== Segment start ==
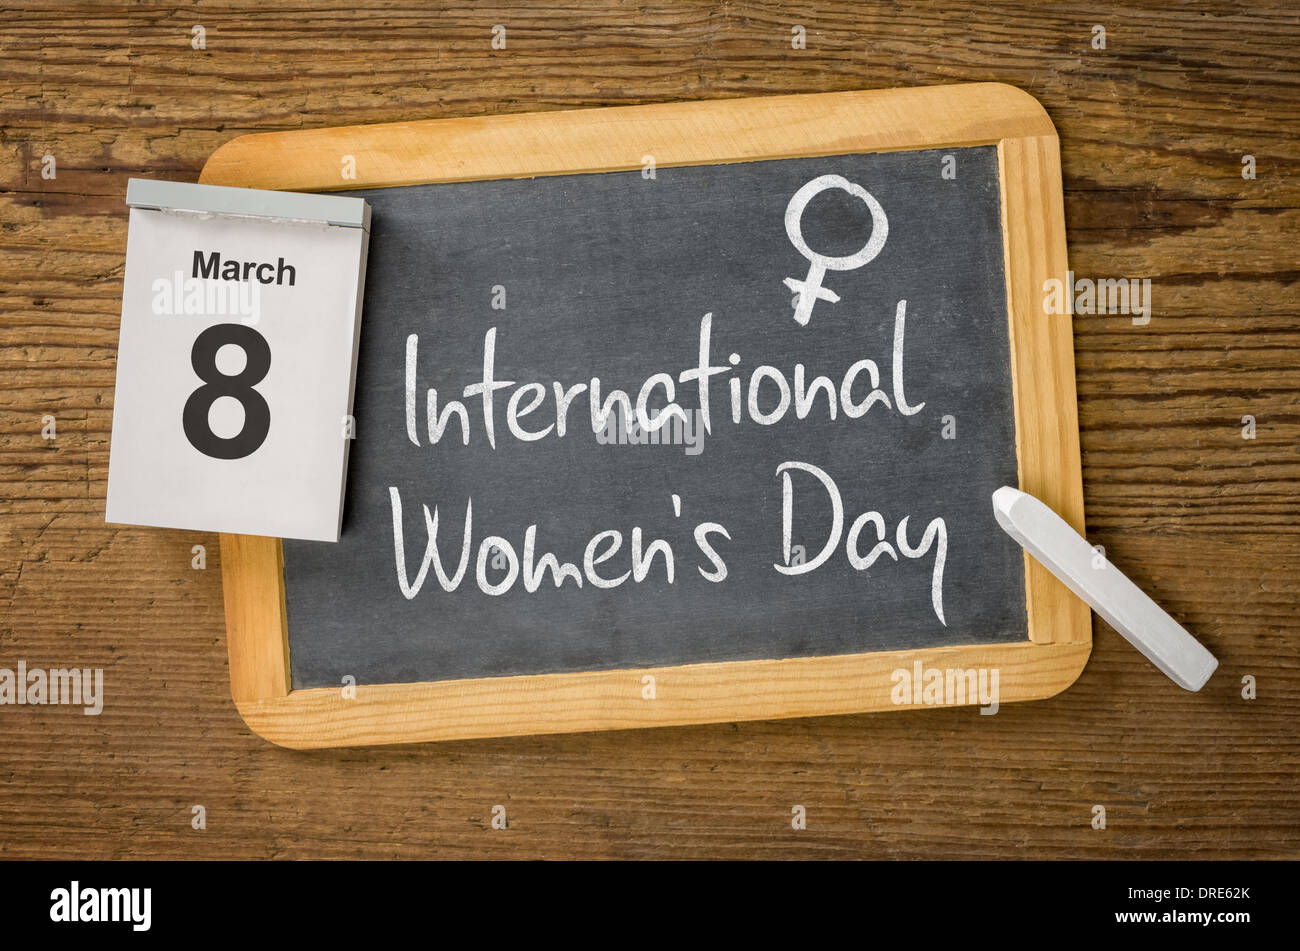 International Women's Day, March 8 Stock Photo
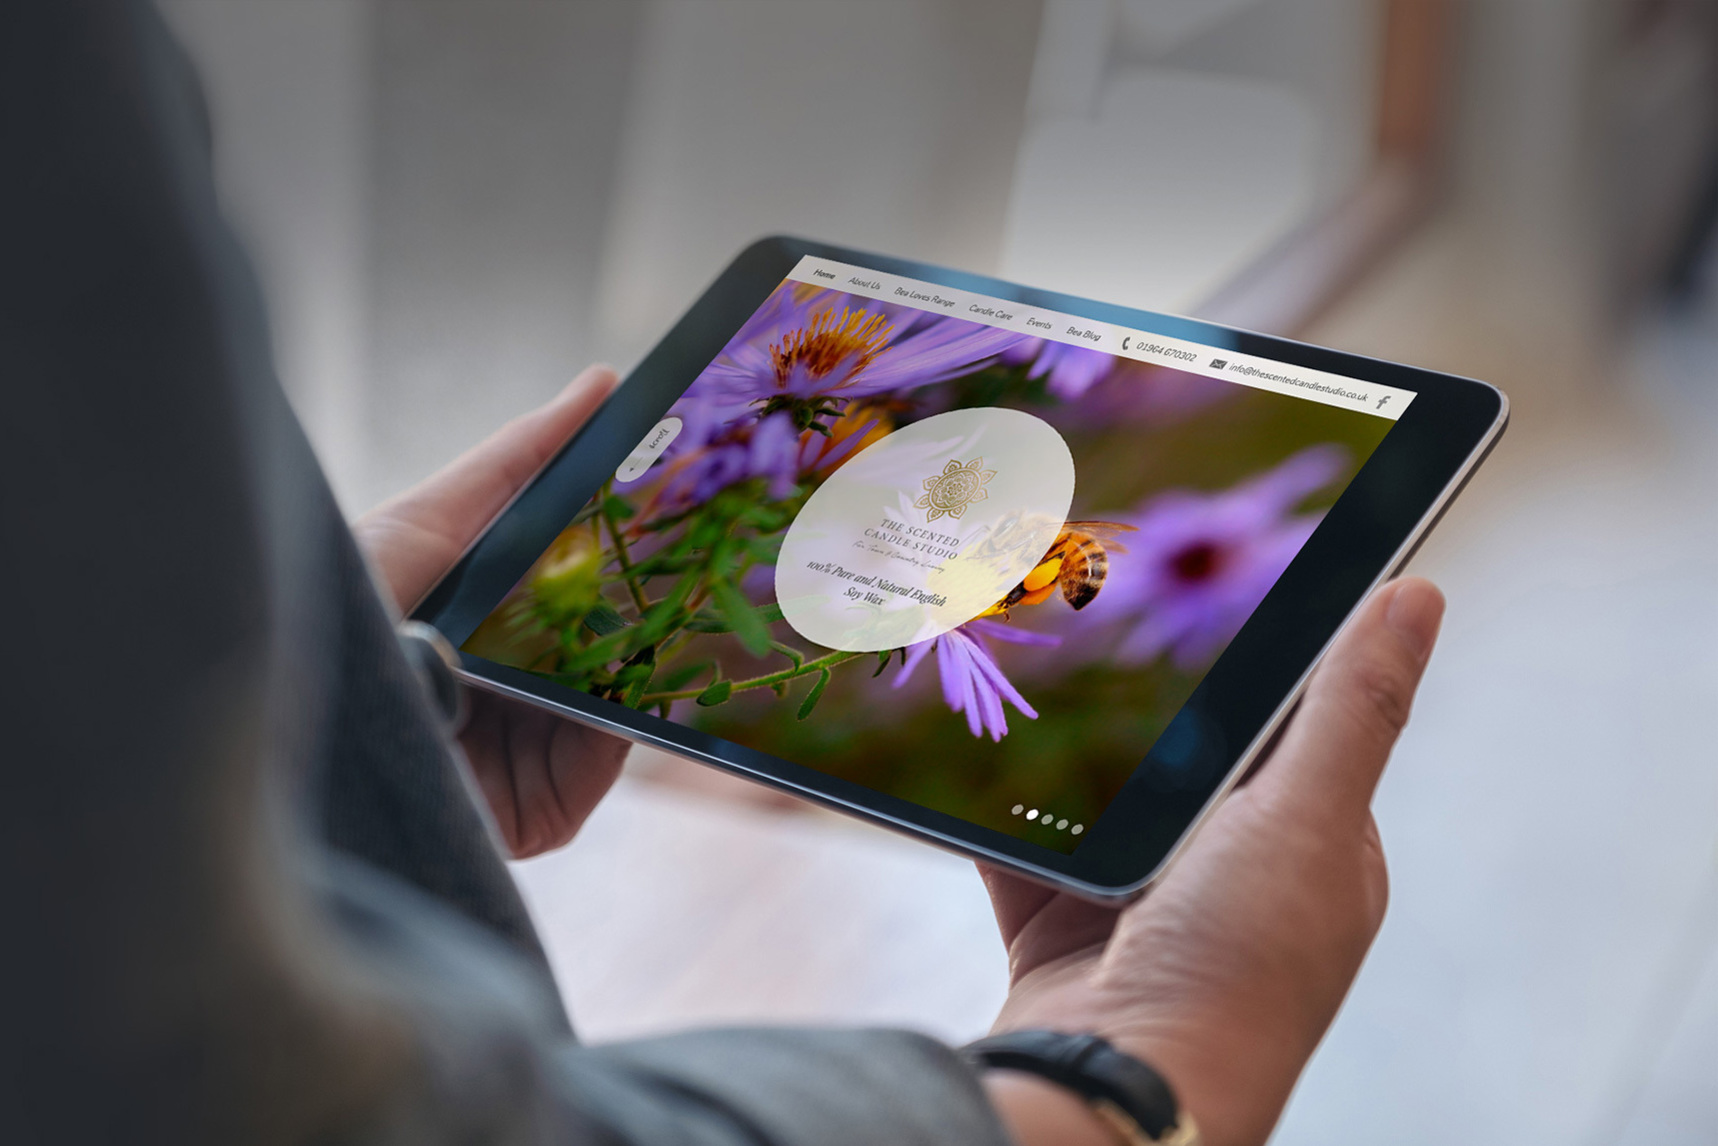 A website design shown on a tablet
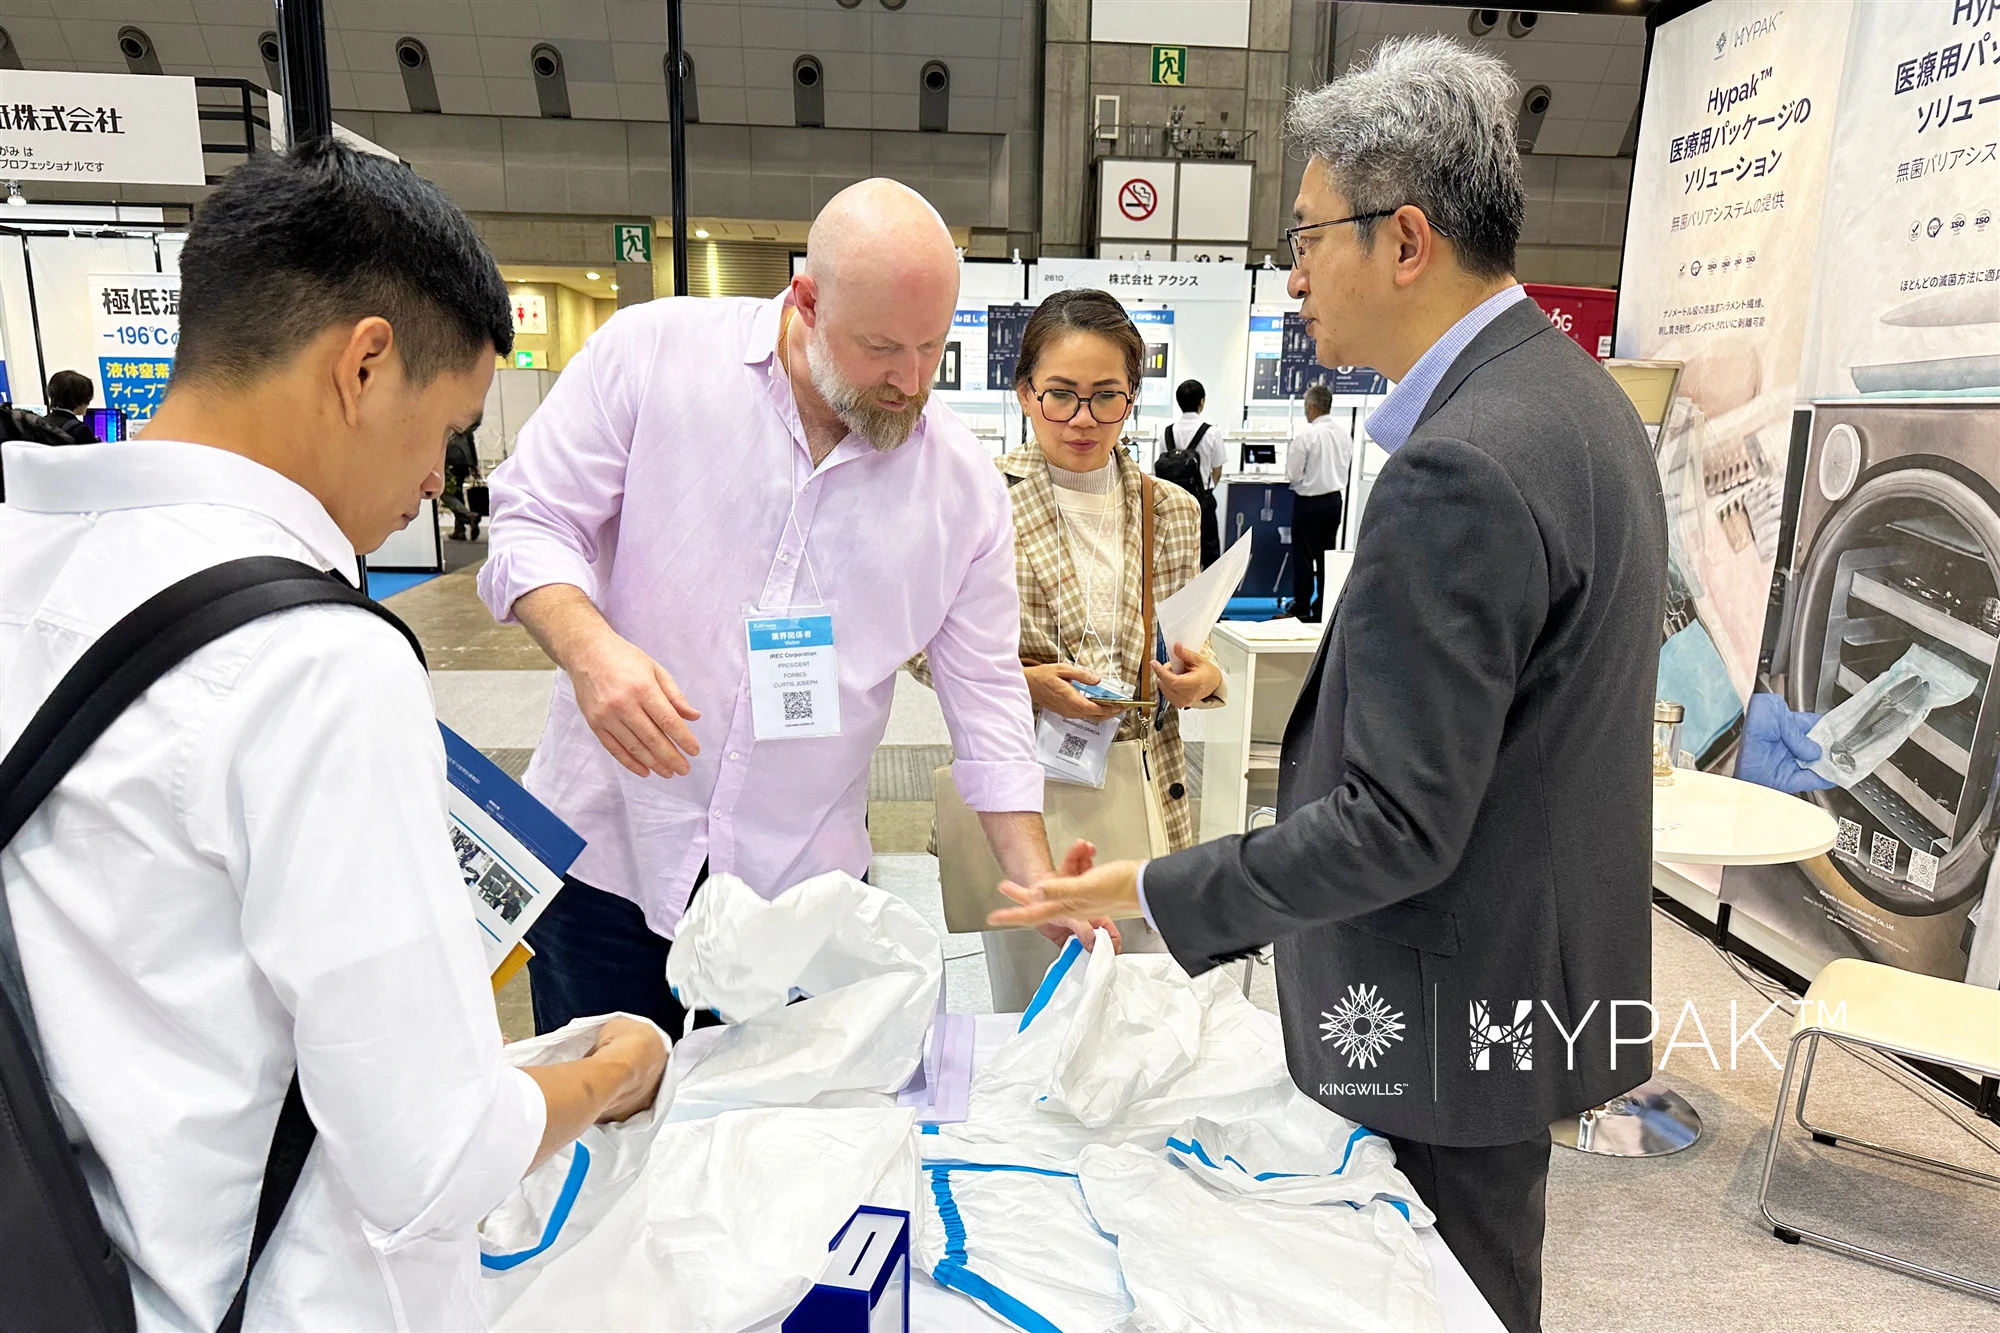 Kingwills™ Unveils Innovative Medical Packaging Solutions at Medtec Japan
== Segment end ==
* WHAT YOU ARE ASKED TO DO
With the pictures omitted, give every line above again exactly.

* RESULT
 International Women's Day, March 8 Stock Photo
 A website design shown on a tablet
 Kingwills™ Unveils Innovative Medical Packaging Solutions at Medtec Japan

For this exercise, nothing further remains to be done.